Question 1

Part A:How many samples of each fluid will need to be collected to achieve this design criterion?

library(pwr)
pwr.anova.test(k=4,n=NULL,f=sqrt((1)^2/4.5),sig.level = 0.05,power = 0.8)
## 
##      Balanced one-way analysis of variance power calculation 
## 
##               k = 4
##               n = 13.28401
##               f = 0.4714045
##       sig.level = 0.05
##           power = 0.8
## 
## NOTE: n is number in each group

Therefore, we need to collect 13.28 that is 14 samples to achieve this design criterion.

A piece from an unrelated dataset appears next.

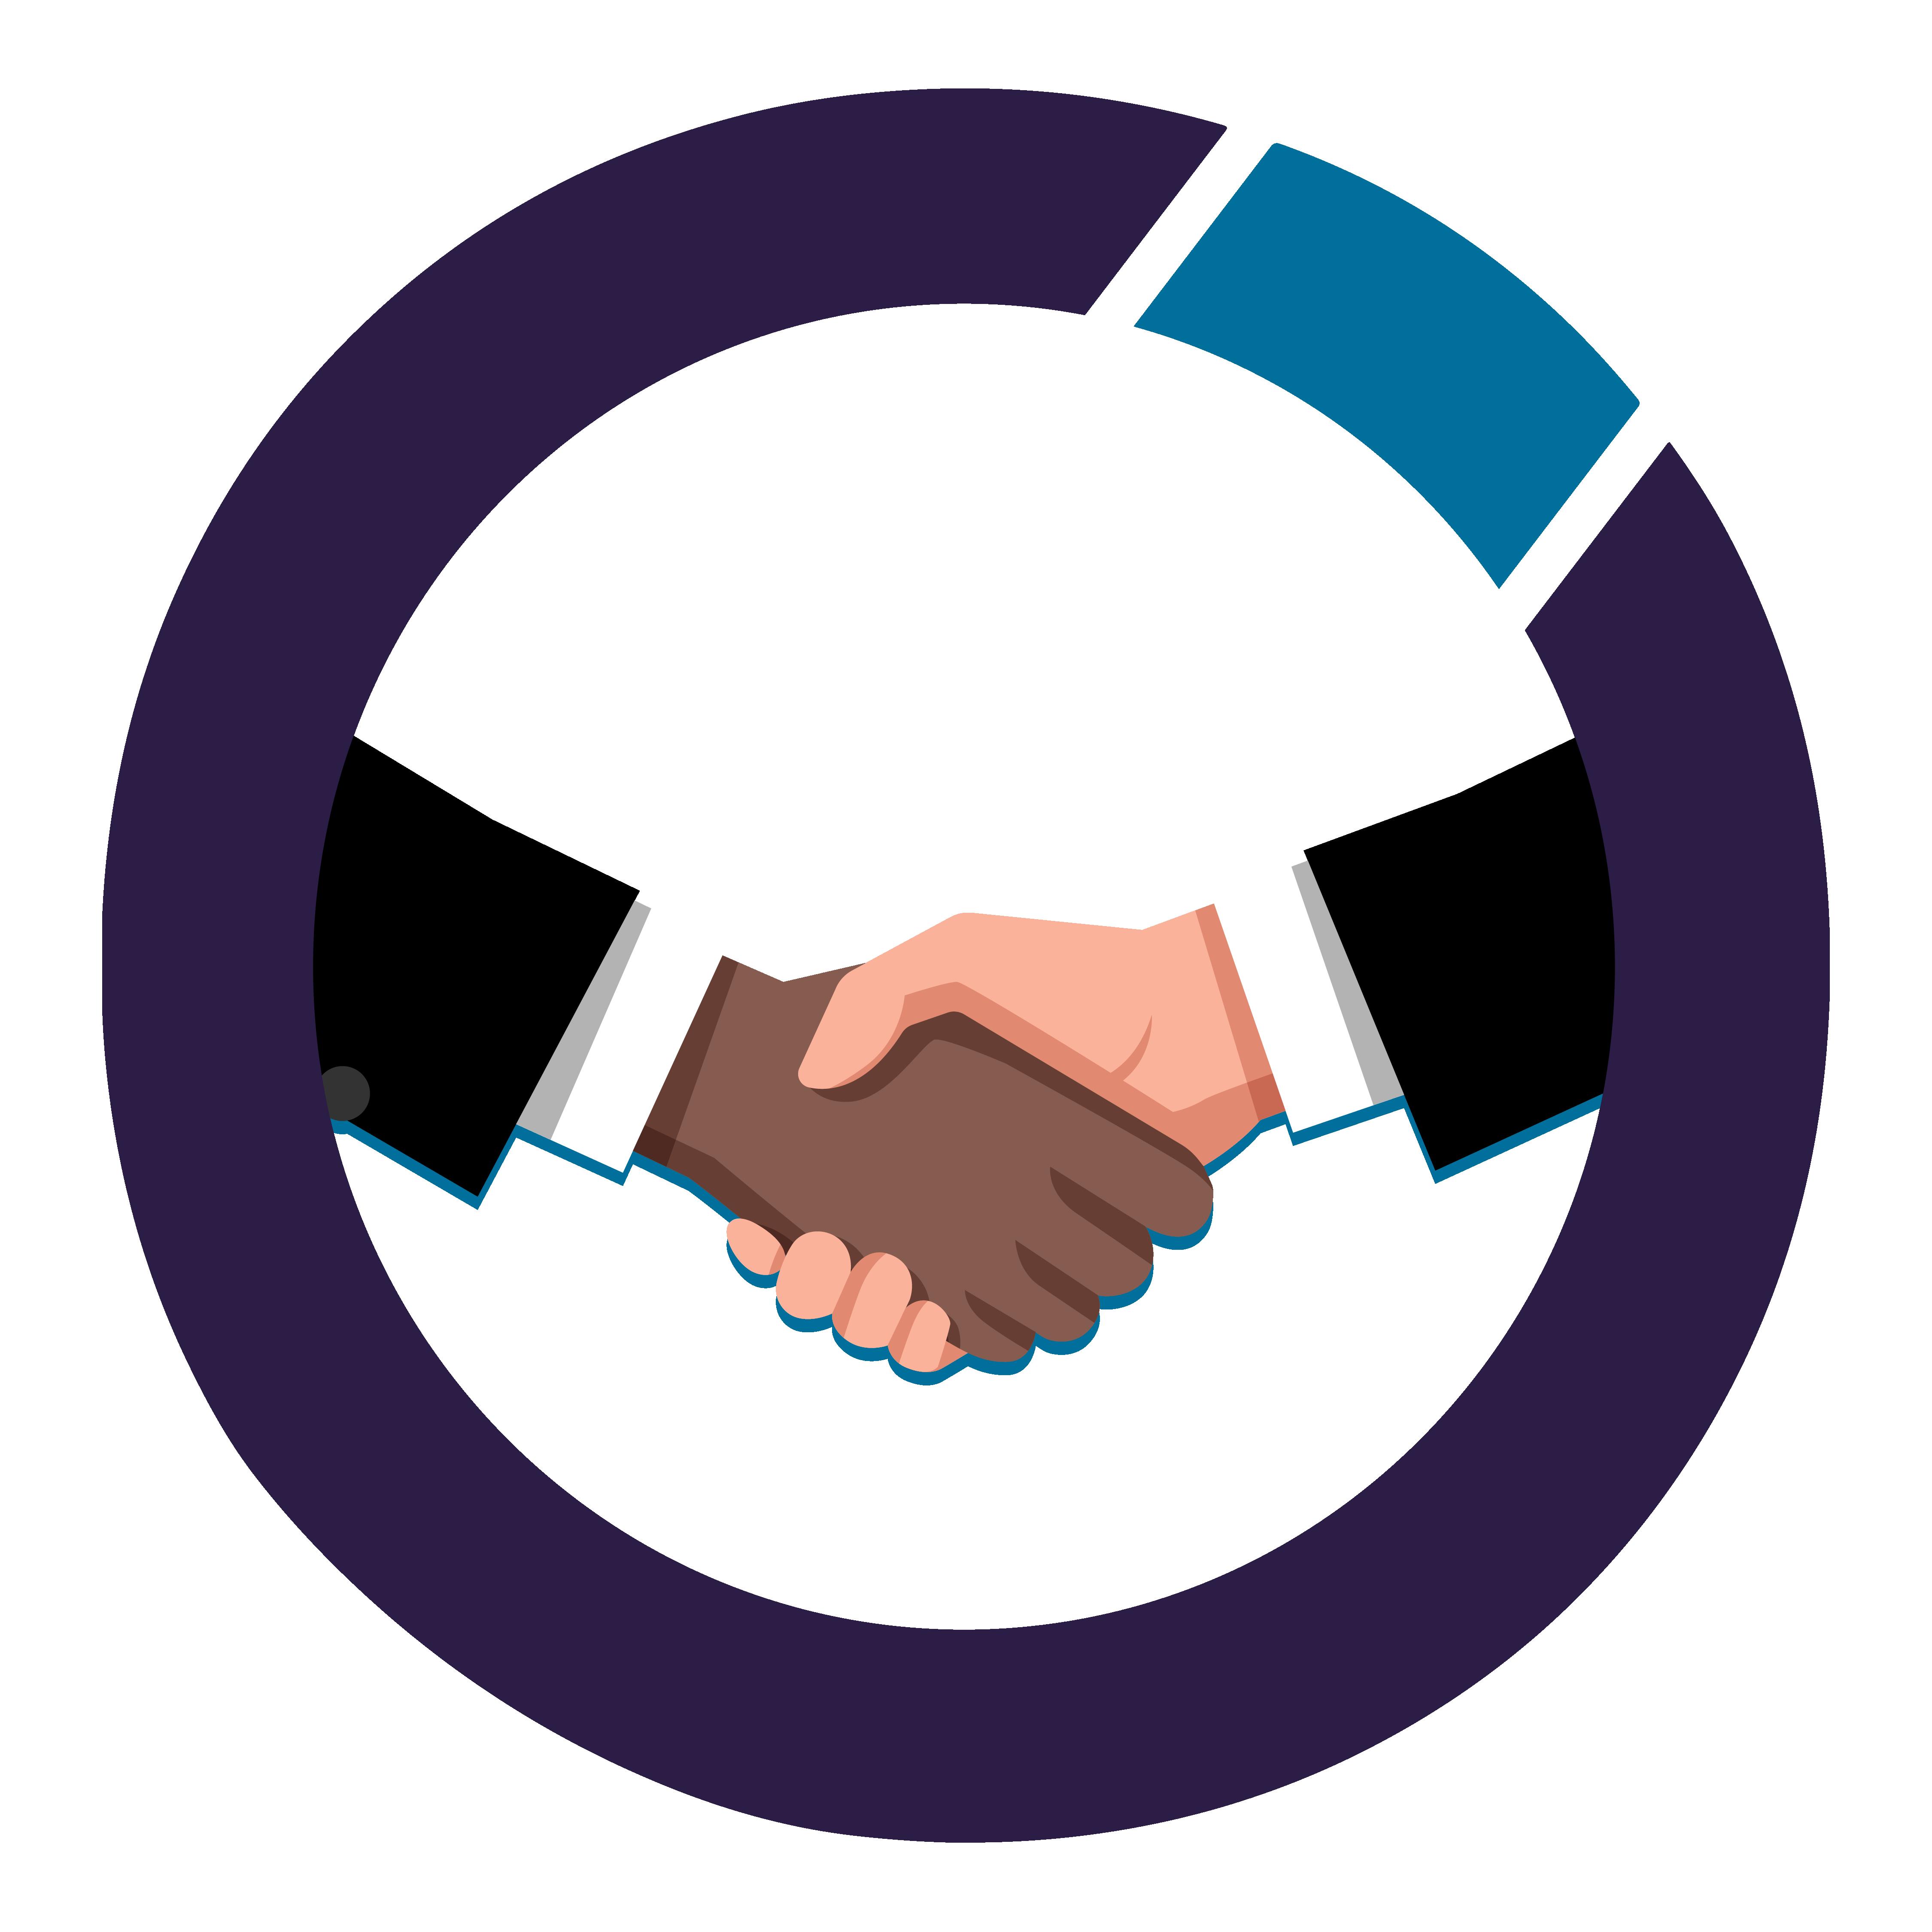 Partner-Recruitment-Icoon

Part B:Suppose we wish to have an 80% probability of detecting a difference between mean fluid lives of 30minutes, how many samples would need to be collected?

pwr.anova.test(k=4,n=NULL,f=sqrt((0.5)^2/4.5),sig.level = 0.05,power = 0.8)
## 
##      Balanced one-way analysis of variance power calculation 
## 
##               k = 4
##               n = 50.04922
##               f = 0.2357023
##       sig.level = 0.05
##           power = 0.8
## 
## NOTE: n is number in each group

Therefore, we need to collect 50.04 that is 51 samples.

Question 2

fluid1<-c(17.6,18.9,16.3,17.4,20.1,21.6)
fluid2<-c(16.9,15.3,18.6,17.1,19.5,20.3)
fluid3<-c(21.4,23.6,19.4,18.5,20.5,22.3)
fluid4<-c(19.3,21.1,16.9,17.5,18.3,19.8)
dat<-data.frame(fluid1,fluid2,fluid3,fluid4)
stacked_dat<-stack(dat)
std<-sd(stacked_dat$values)

Part A:Given that n=6 samples of each fluid type were collected, with what power will a hypothesis test with an =0.10 level of significance be able to detect a difference of 1 hour between the mean lives of the tested fluids?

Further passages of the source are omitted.